The only requirement for the participants was to install VirtualBox before the course, while prebuilt VM images for 32-bit and 64-bit machines were handed to the participants on a USB stick. Of the 25 participants, two failed to run the VM during the course due to yet-unresolved issues on old Windows XP machines. The rest of the participants (Linux, WindowsXP/7, and Mac OS X) were able to run the VM and the IPython notebooks without problems.
We believe that the VM presents an important step toward Open (Weather Radar) Science. It may become a platform that allows combining various software products, but also compares different tools against each other. It could catalyze progress toward interoperability, and it will definitely lower the barrier for new users and developers, thus extending the weather radar community and user base.

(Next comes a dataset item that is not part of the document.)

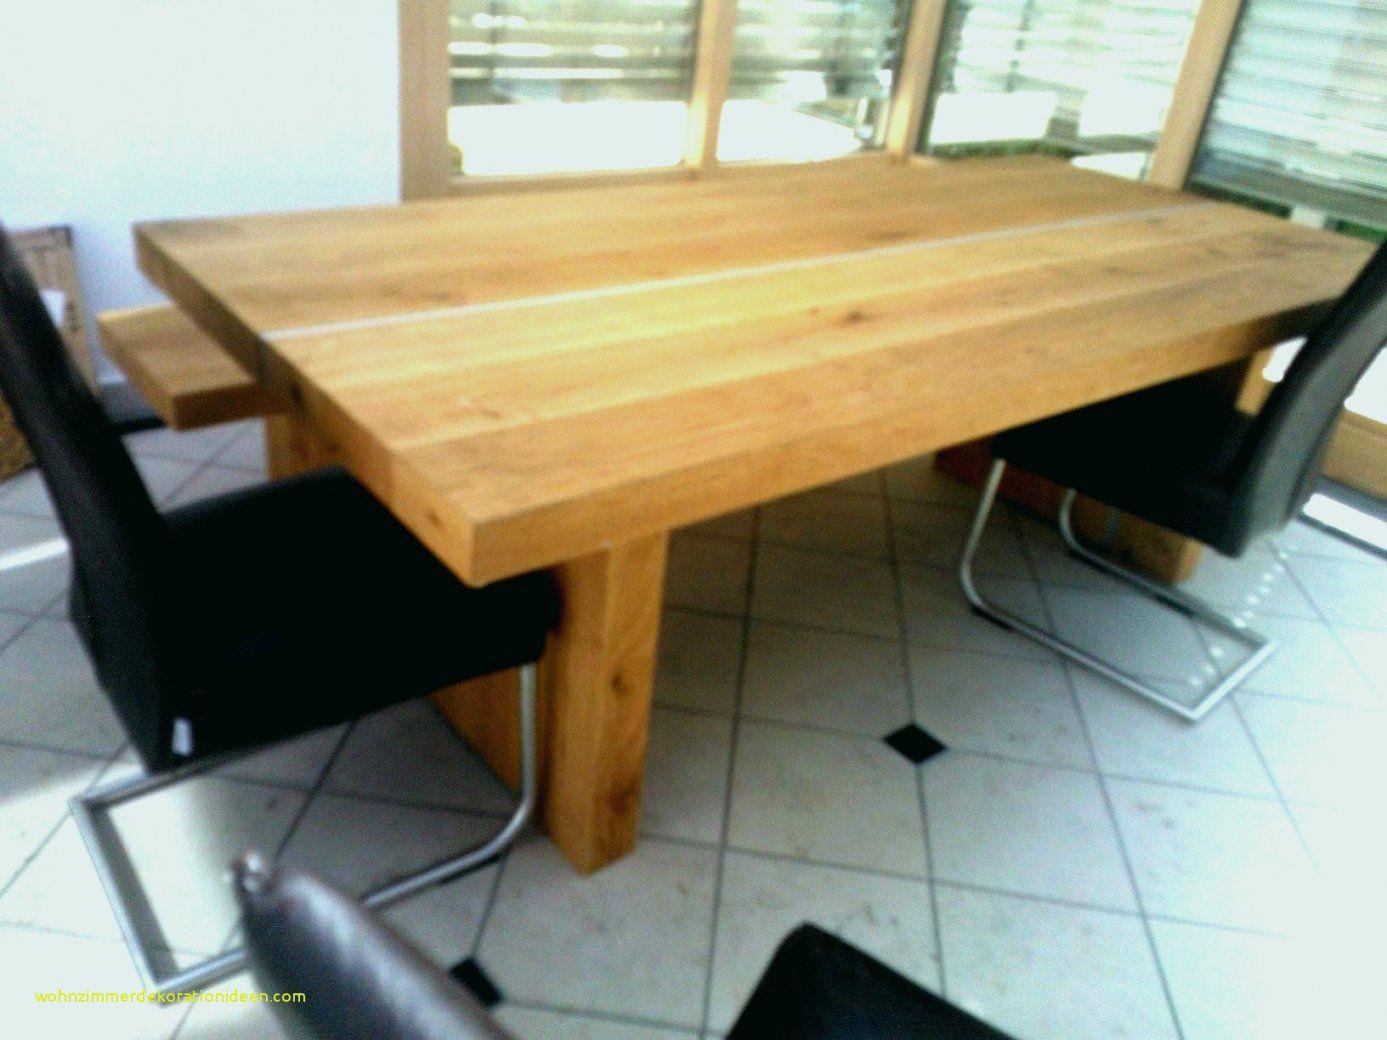 Gebrauchte Gastronomie Tische Und Stühle Einzigartig Top Ergebnis von Stühle Für Gastronomie Gebraucht Photo
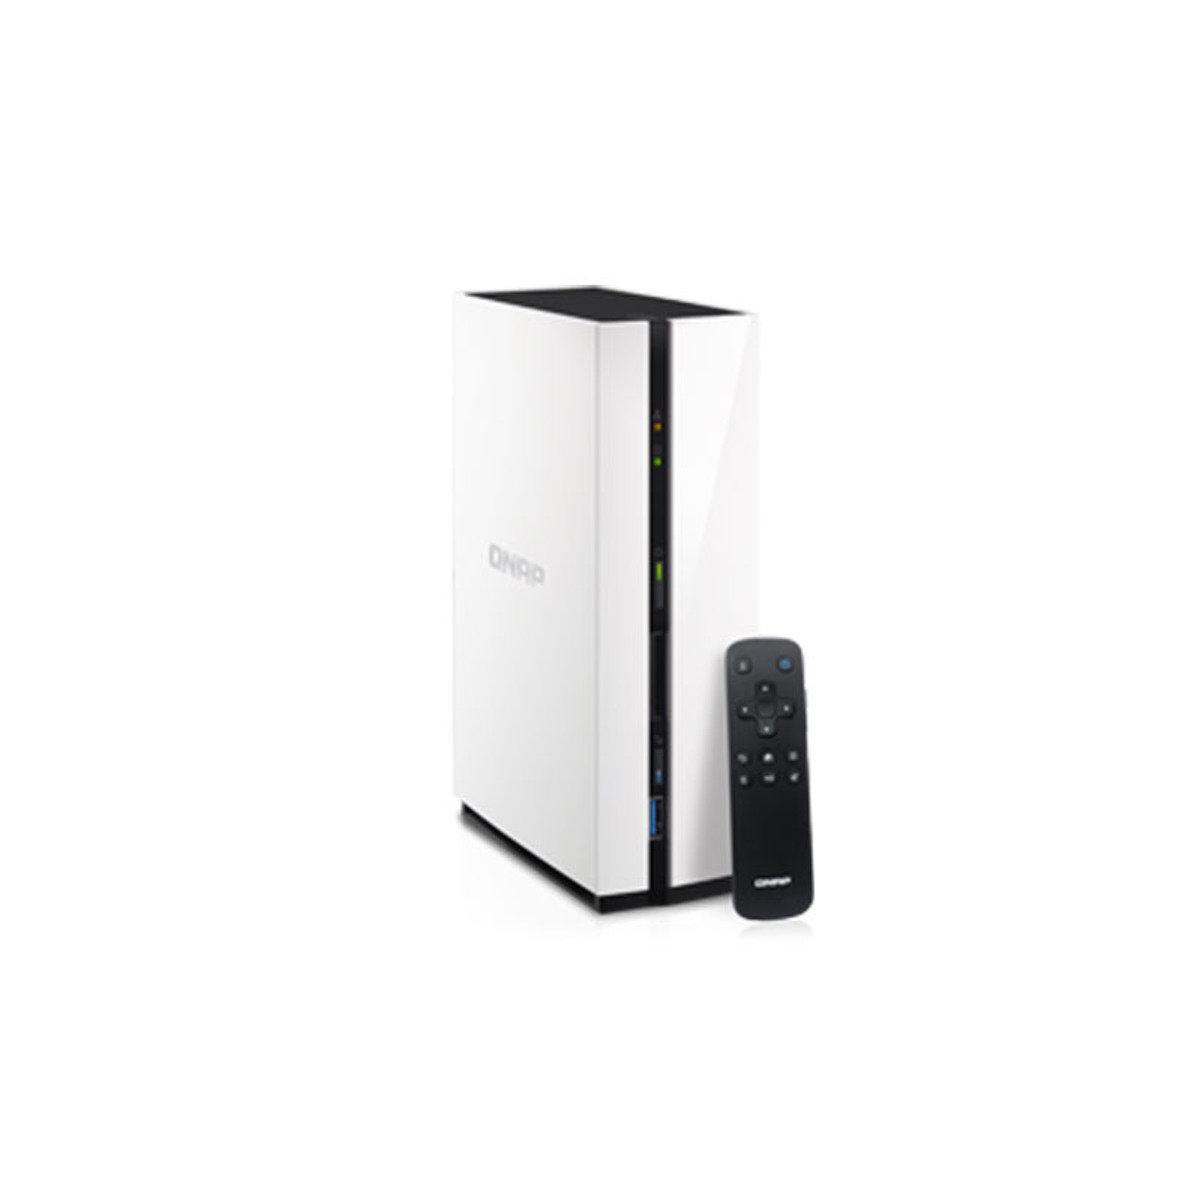 2TB 雙系統4K播放家用多功能雲端系統 TAS-168-2TB

BALTRAD software has been developed as part of the BALTRAD and BALTRAD+ projects that have been partly financed by the European Union (European Regional Development Fund and European Neighbourhood and Partnership Instrument). Argonne National Laboratory's work was supported by the U.S. Department of Energy, Office of Science, Office of Biological and Environmental Research, under Contract DE-AC02-06CH11357. The development of wradlib was partly funded by the German Federal Ministry for Research and Education within the PROGRESS project. We thank Remko Uijlenhoet and an anonymous referee for helpful comments on the original manuscript.